God proceeds to issue his punishments. These are not the punishments he originally threatened. He takes the legs off the serpent, gives women childbearing pain, although a little hurt with a baby is no big deal compared to this nugget: "Your desire shall be for your husband, and he shall rule over you." God created sexism as a punishment for eating the tree! Then he tells Adam he has to toil for his crops because he "listened to the voice of [his] wife." So not only does this cement the above sexism (listening to one's wife is bad), it also doesn't make sense with the way the story was told. He was right there too, it wasn't Eve's fault! If anything, he listened to the voice of the serpent.

Which is another interesting thought. Why does the serpent have a voice? The other animals don't seem to be talking, but no one thinks it's odd that the serpent does. And nowhere does it mention the serpent is Satan. The serpent here is just someone too crafty for his own good, stirring up trouble in middle Eden. Very different from how this story is usually portrayed.

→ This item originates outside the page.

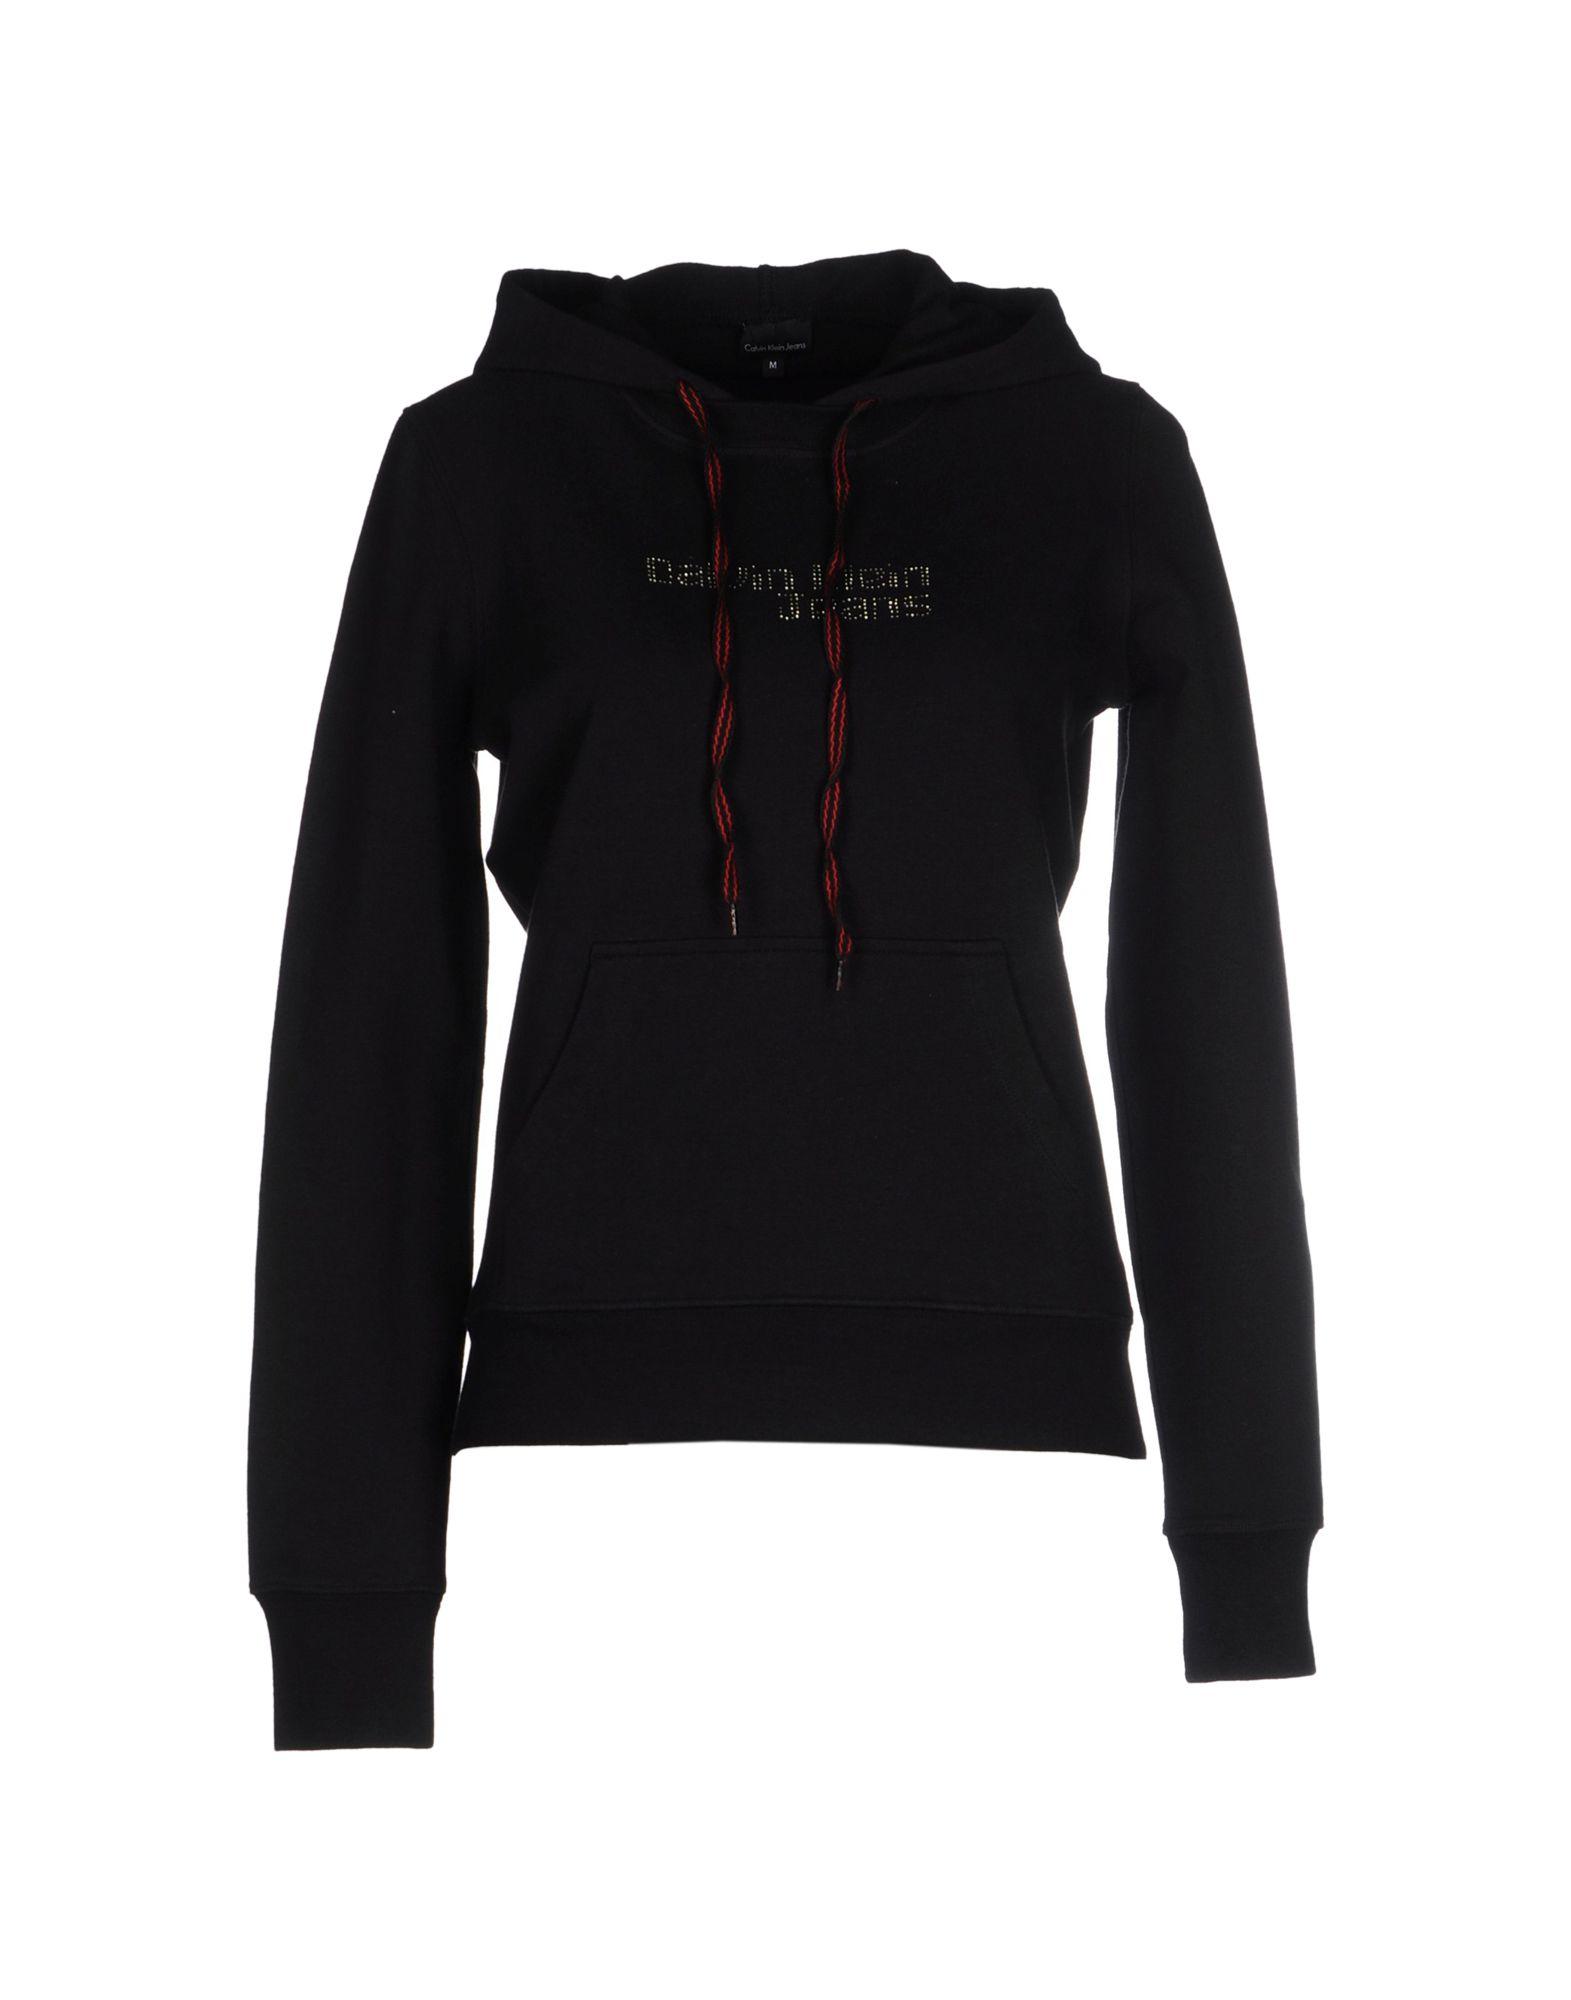 calvin klein jeans sweatshirt in black lyst. Black Bedroom Furniture Sets. Home Design Ideas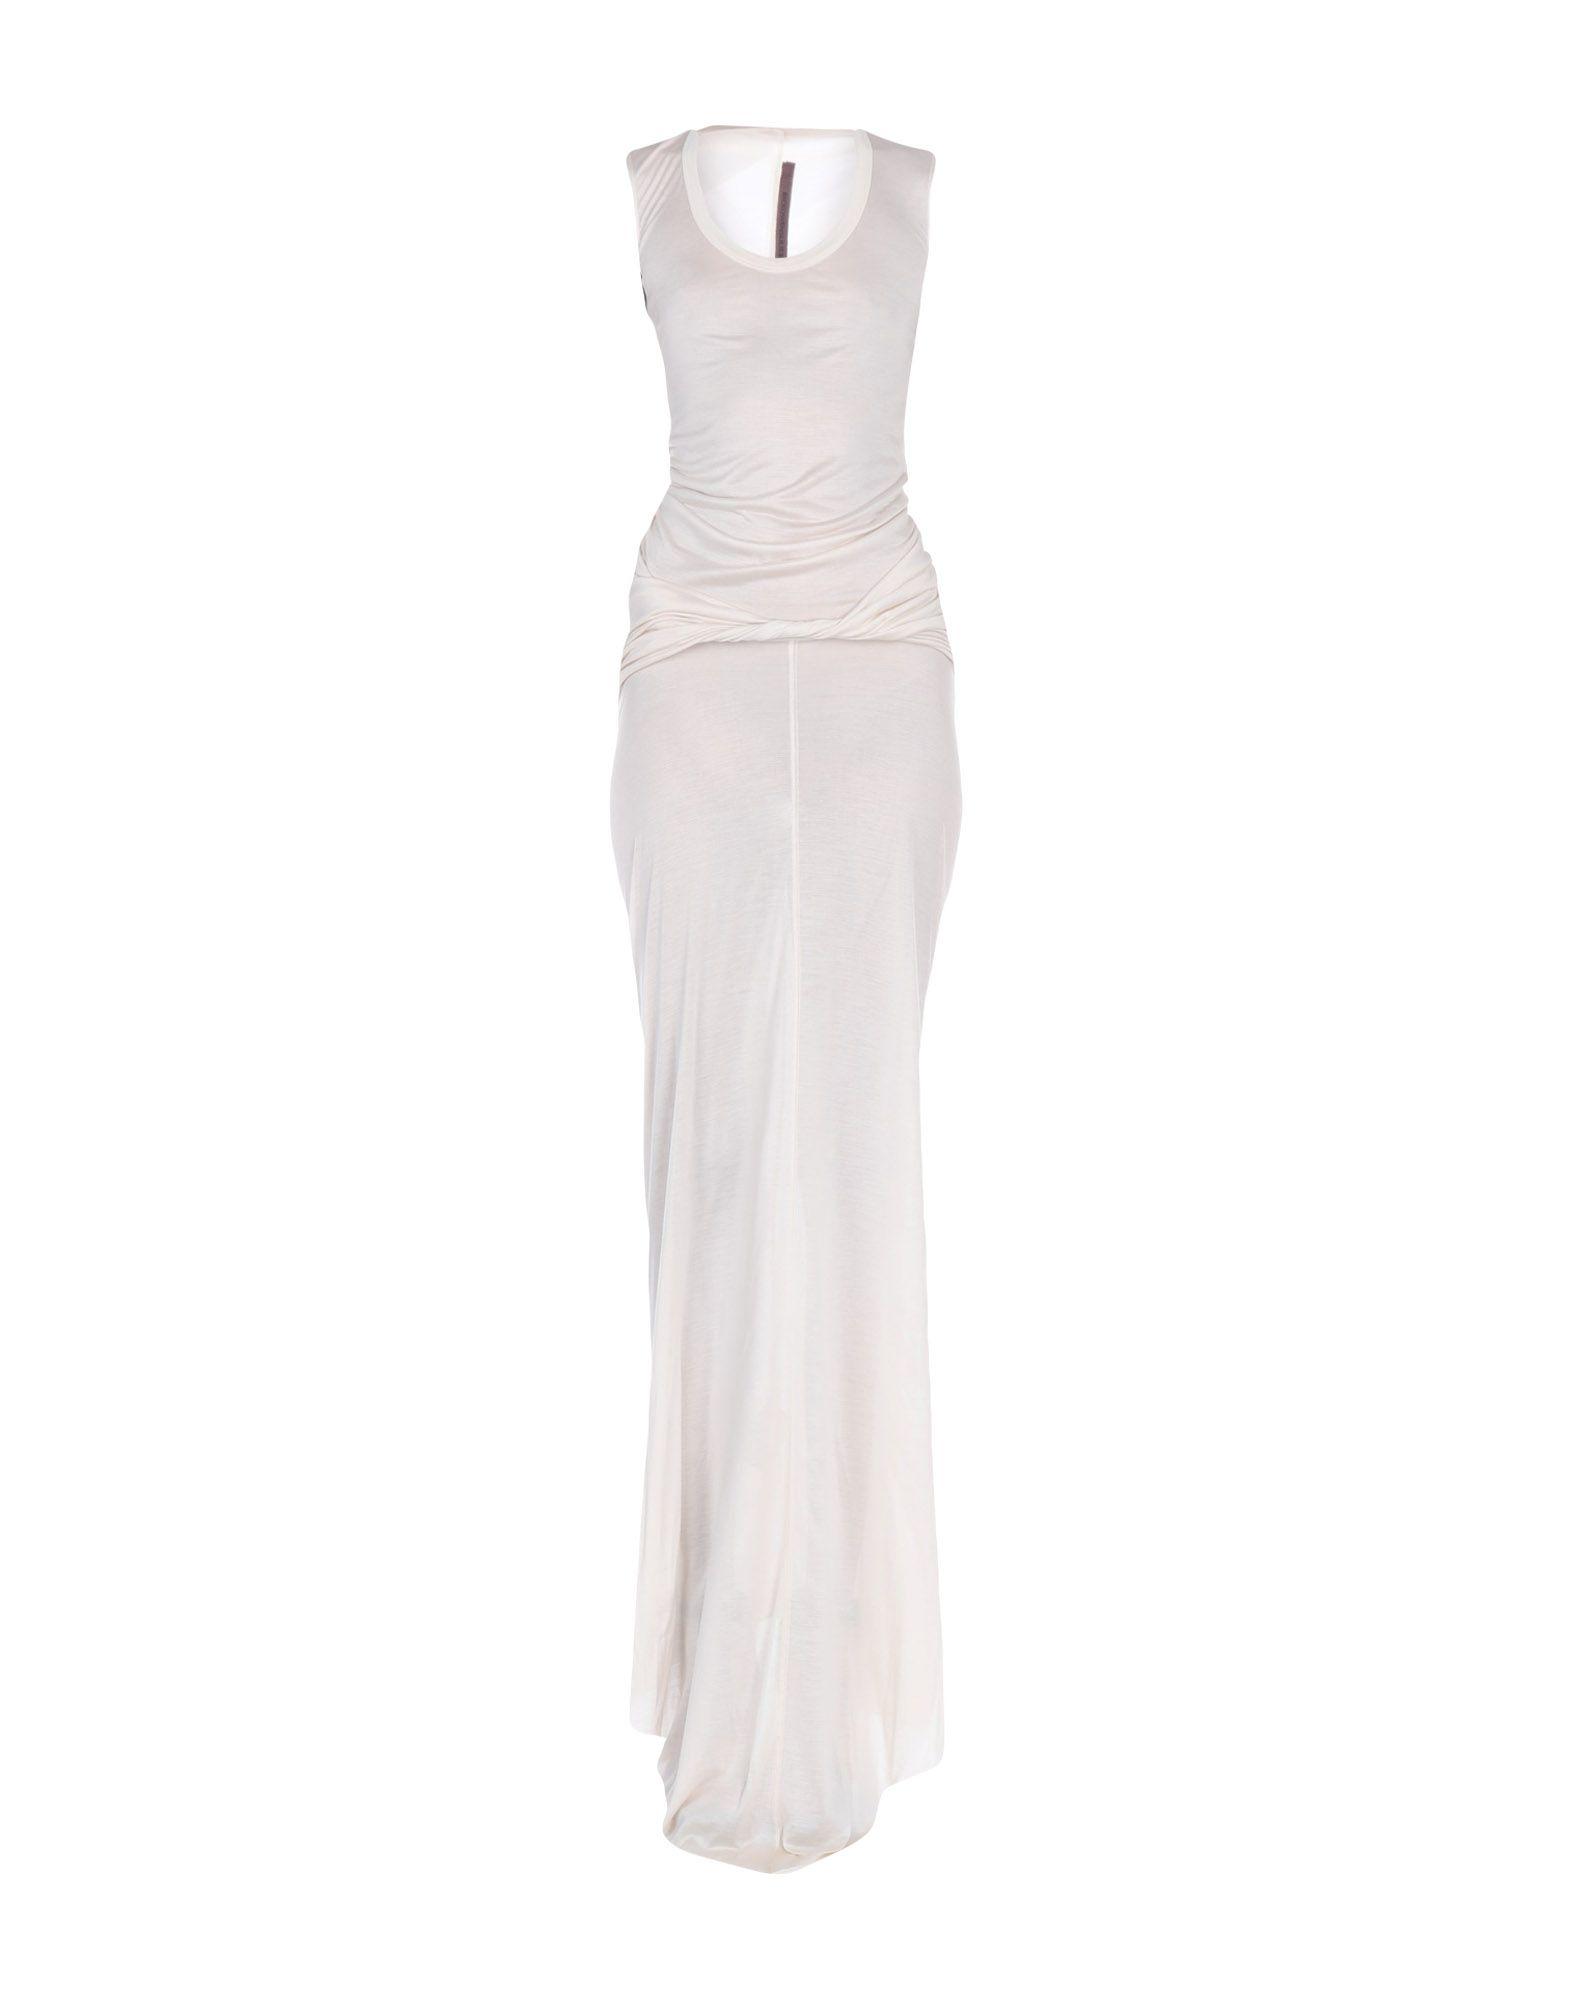 Lilies Formal Dress by Rick Owens, available on yoox.com for $510 Kim Kardashian Dress Exact Product

Now that God has handed out his eternal punishments, he gives the couple some hide garments. And then he says something interesting. "'See, the man has become like one of us, knowing good and evil; and now, he might reach out his hand and take also from the tree of life, and eat, and live forever.'" It doesn't say who God says this to, but the "one of us" line really stands out, doesn't it? I've vaguely heard ideas that Yahweh began as just one god of many (all ancient religions pretty much are polytheistic), and then later developed into monotheism. That definitely seems to fit with this verse. God doesn't seem to have a monopoly on anything, and he's worried that Adam is going to be godlike. He isn't claiming that Adam needs to be omniscient or omnipotent to be like one of "them," only that he needs to know about good and evil and live forever.

So Adam and Eve get the boot so that God doesn't feel threatened by them. He even leaves a cherubim to guard the entrance so that can't sneak back in. If this were a novel I'd just picked up, I'd be theorizing that God at some point was just a regular Joe who'd gone to Eden, eaten of the two trees, and then become godlike. And he wanted followers without them knowing the secret of what he'd done...so out they must go! It's very interesting, and the God that I feel like I'm coming to know in these first few chapters sounds nothing like the God I've been told about by countless Christians.